Евгений Шварц - Тень. Голый король (сборник)
– Не могу – сокрушенно признался писатель – Не получается. Себя не переделаешь!
Николай Чуковский
Высокое слово – писатель
На одном писательском собрании в Ленинграде, в середине тридцатых годов, выступил Евгений Львович Шварц и между прочим сказал:
«Конечно, никому не возбраняется втайне, в глубине души надеяться, что он недурен собой и что кто-нибудь, может быть, считает его красивым. Но утверждать публично: я – красивый – непристойно. Так и пишущий может в глубине души надеяться, что он писатель. Но говорить вслух: я – писатель – нельзя. Вслух можно сказать: я – член Союза писателей, потому что это есть факт, удостоверяемый членским билетом, подписью и печатью. А писатель – слишком высокое слово…».
Он так действительно думал и никогда не называл себя писателем. В советской литературе проработал он лет тридцать пять, но только к концу этого периода стали понимать, как значительно, важно, своеобразно и неповторимо все, что он делает. Сначала это понимали только несколько человек, да и то не в полную меру. Потом это стали понимать довольно многие. И с каждым годом становится все яснее, что он был одним из замечательнейших писателей России.

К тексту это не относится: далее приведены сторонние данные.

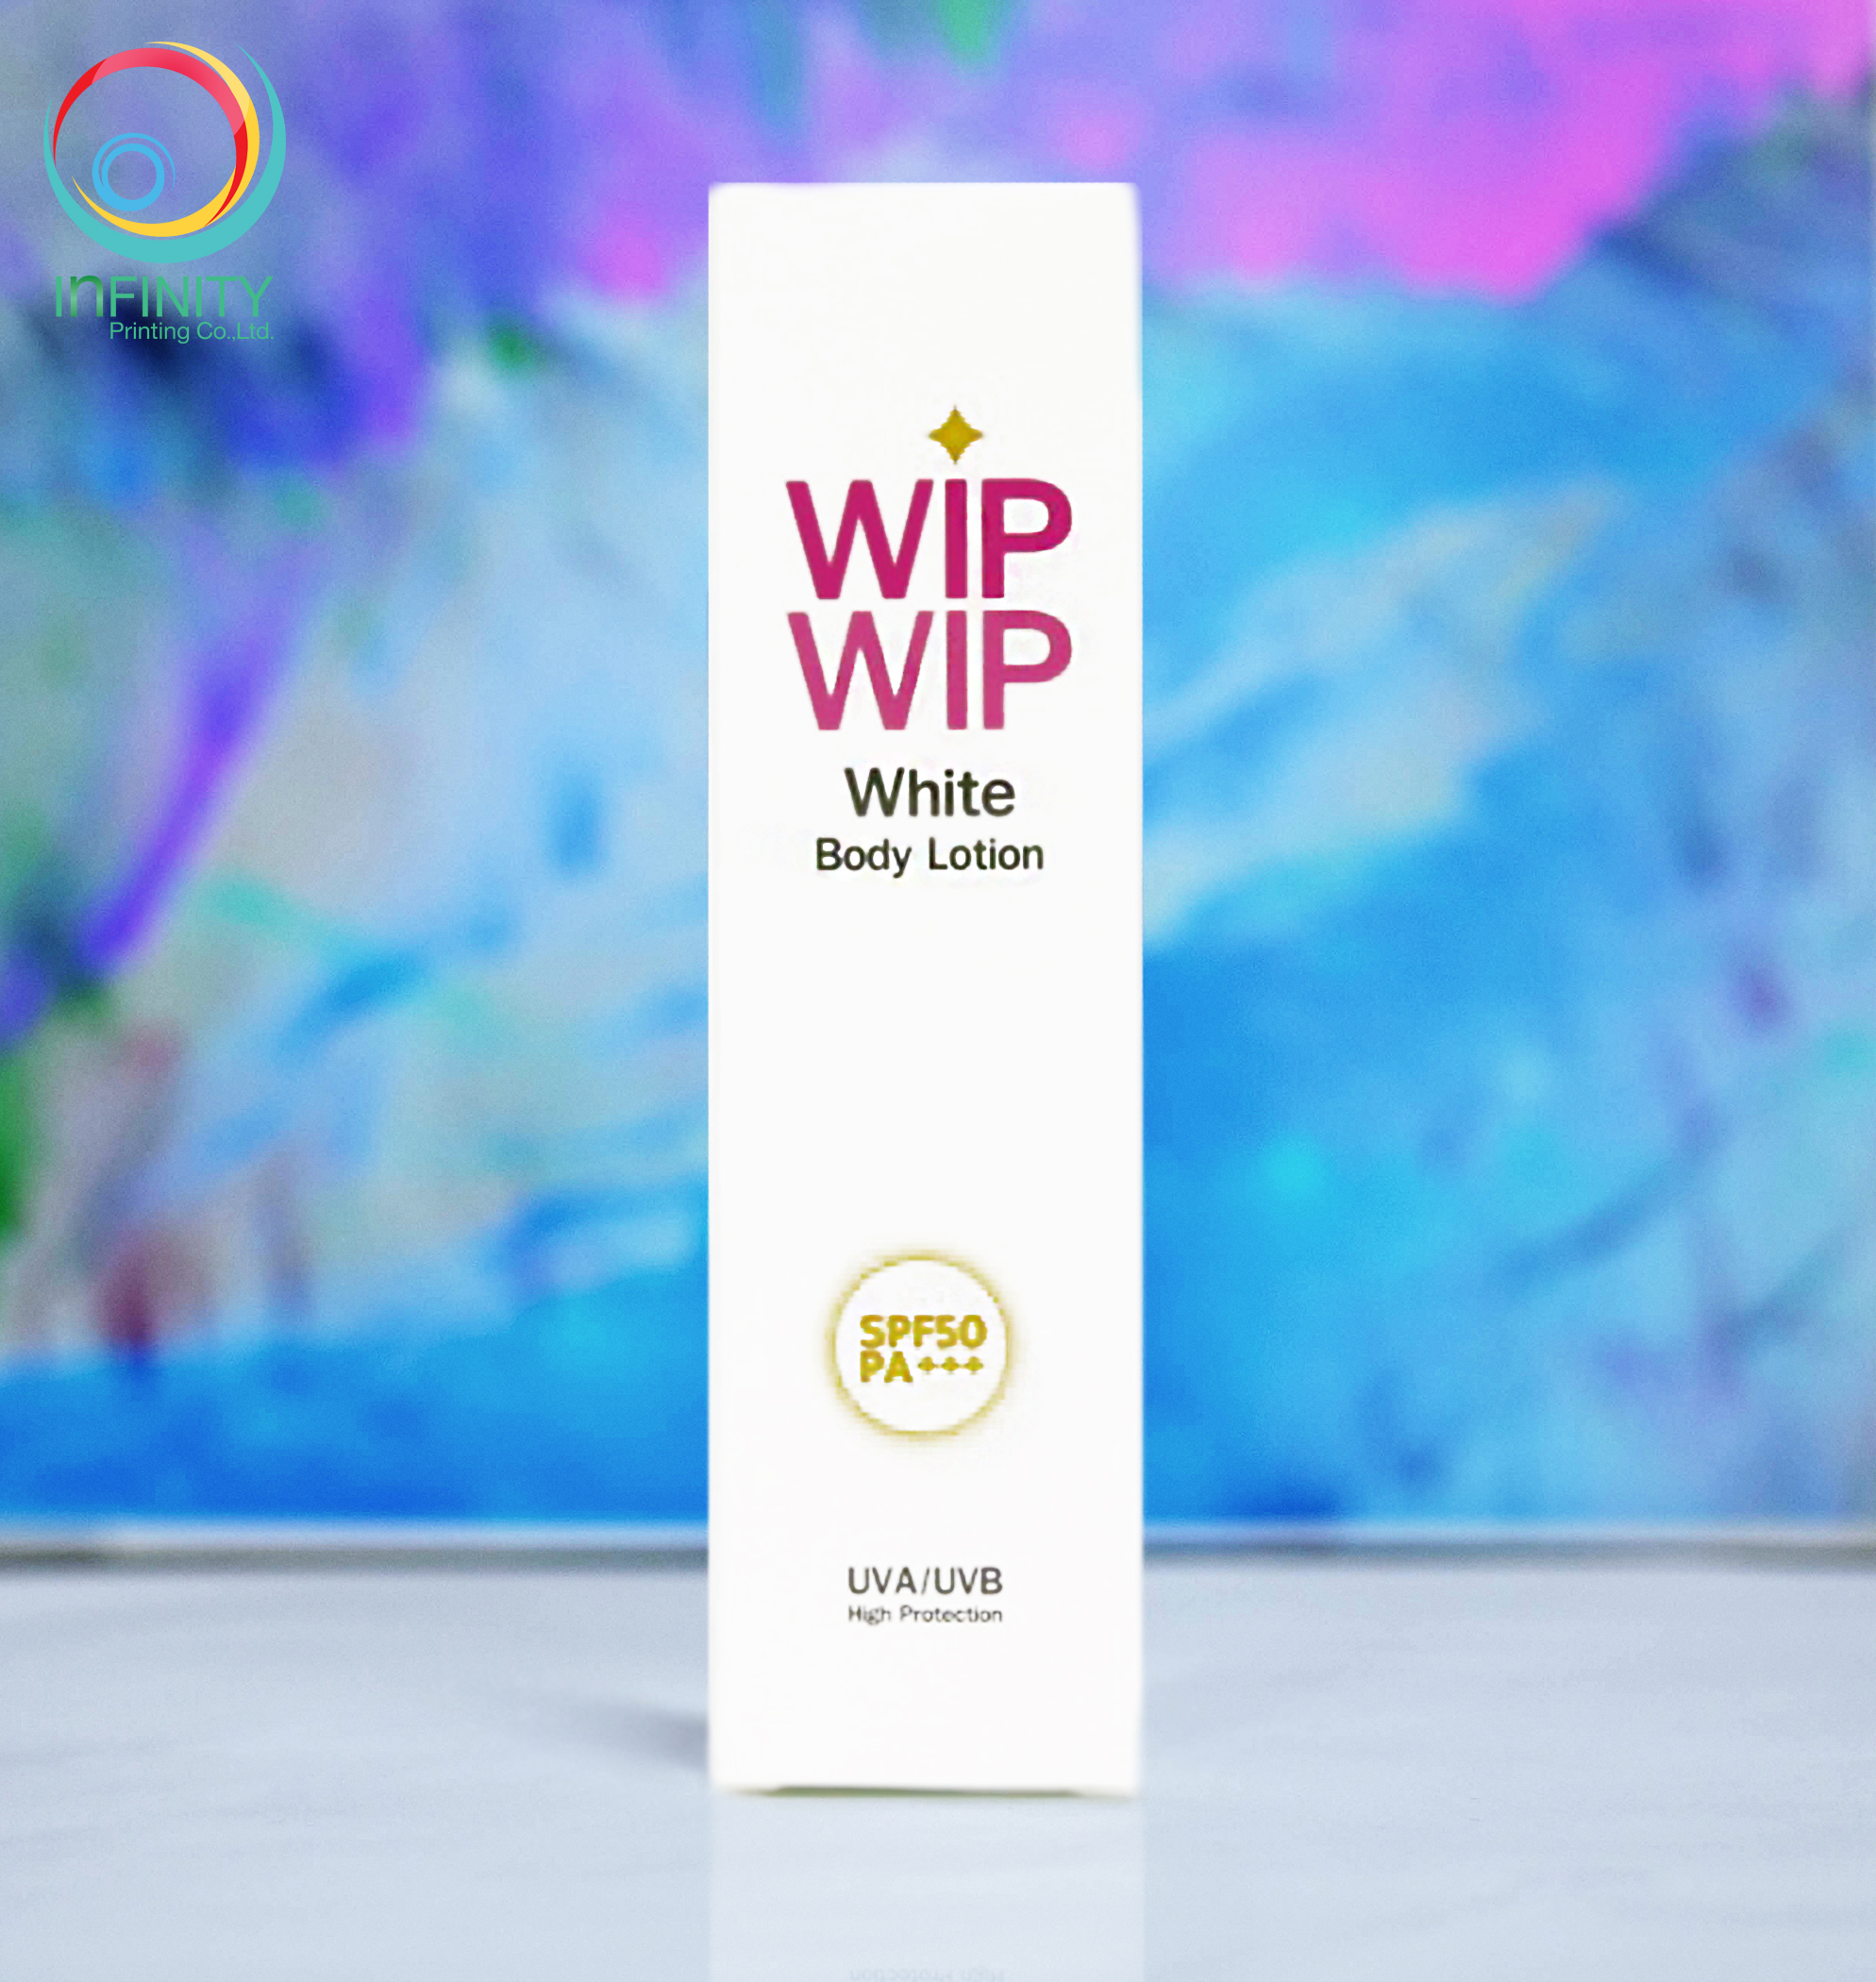 WIP White Body Lotion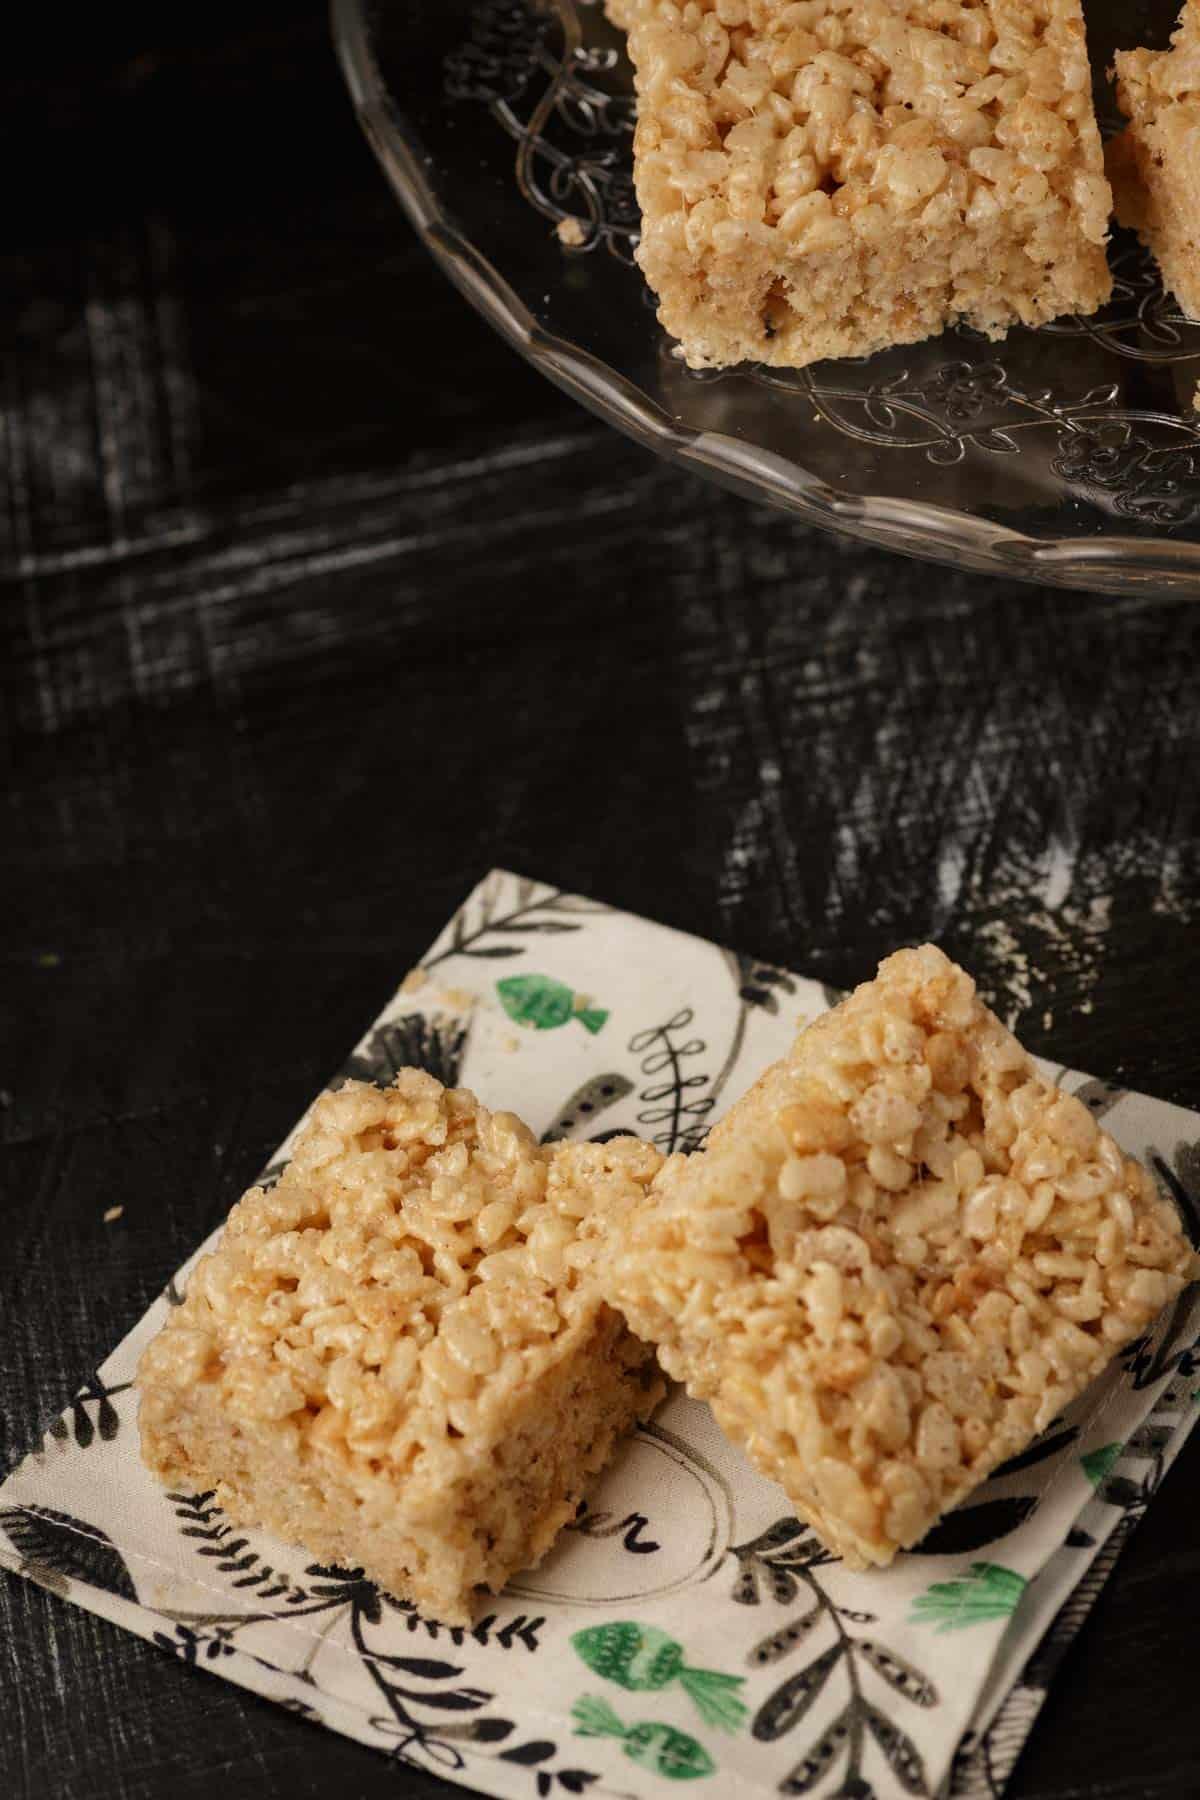 Two Rice Krispie treats on a cloth napkin.

Мне трудно рассказывать о нем, потому что я знал его слишком близко и слишком долго. Я познакомился и подружился с ним сразу после его приезда в Петроград, в 1922 году, и был у него в последний раз за месяц до его смерти, в 1958 году. Я столько пережил с ним вместе, столько разговаривал с ним, наши согласия и разногласия носили такой устойчивый, привычный, застарелый характер, что и относился к нему скорее как к брату, чем как к другу. А никому еще не удавалось написать хороших воспоминаний о собственном брате.
Он родился в 1896 году в Казани и, следовательно, был старше меня на восемь лет. <...>
Жизни в Казани Евгений Львович не помнил совсем – двухлетним ребенком родители перевезли его на Северный Кавказ, в город Майкоп. <...>
Годы гражданской войны Женя Шварц прожил в Ростове-на-Дону. Там он начал писать стихи – по большей части шуточные. Там он служил в продотряде. Там он стал актером. Там он женился.
Первая жена его была актриса Гаянэ Халаджиева, по сцене Холодова, в просторечии – Ганя, маленькая женщина, шумная, экспансивная, очень славная. Она долго противилась ухаживаниям Шварца, долго не соглашалась выйти за него. Однажды, в конце ноября, поздно вечером, шли они в Ростове по берегу Дона, и он уверял ее, что по первому слову выполнит любое ее желание.
– А если я скажу: прыгни в Дон? – спросила она.
Он немедленно перескочил через парапет и прыгнул с набережной в Дон, как был – в пальто, в шапке, в калошах. Она подняла крик, и его вытащили. Этот прыжок убедил ее – она вышла за него замуж.
Они приехали в Петроград в октябре 1921 года. Петроград был давнишней мечтой Шварца, он стремился в него много лет. Шварц был воспитан на русской литературе, любил ее до неистовства, и весь его душевный мир был создан ею. Пушкин, Гоголь, Толстой, Достоевский, Лесков и, главное, Чехов были не только учителями его, но ежедневными спутниками, руководителями в каждом поступке. Ими определялись его вкусы, его мнения, его нравственные требования к себе, к окружающим, к своему времени. От них он унаследовал свой юмор – удивительно русский, конкретный, основанный на очень точном знании быта, на беспощадном снижении всего ложно торжественного, всегда тайно грустный и всегда многозначный, то есть означающий еще что-то, лежащее за прямым значением слов. Русская литература привела его в Петроград, потому что для него, южанина и провинциала, Петроград был городом русской литературы. Он хорошо знал его по книгам, прежде чем увидел собственными глазами, и обожал его заочно, и немного боялся, – боялся его мрачности, бессолнечности.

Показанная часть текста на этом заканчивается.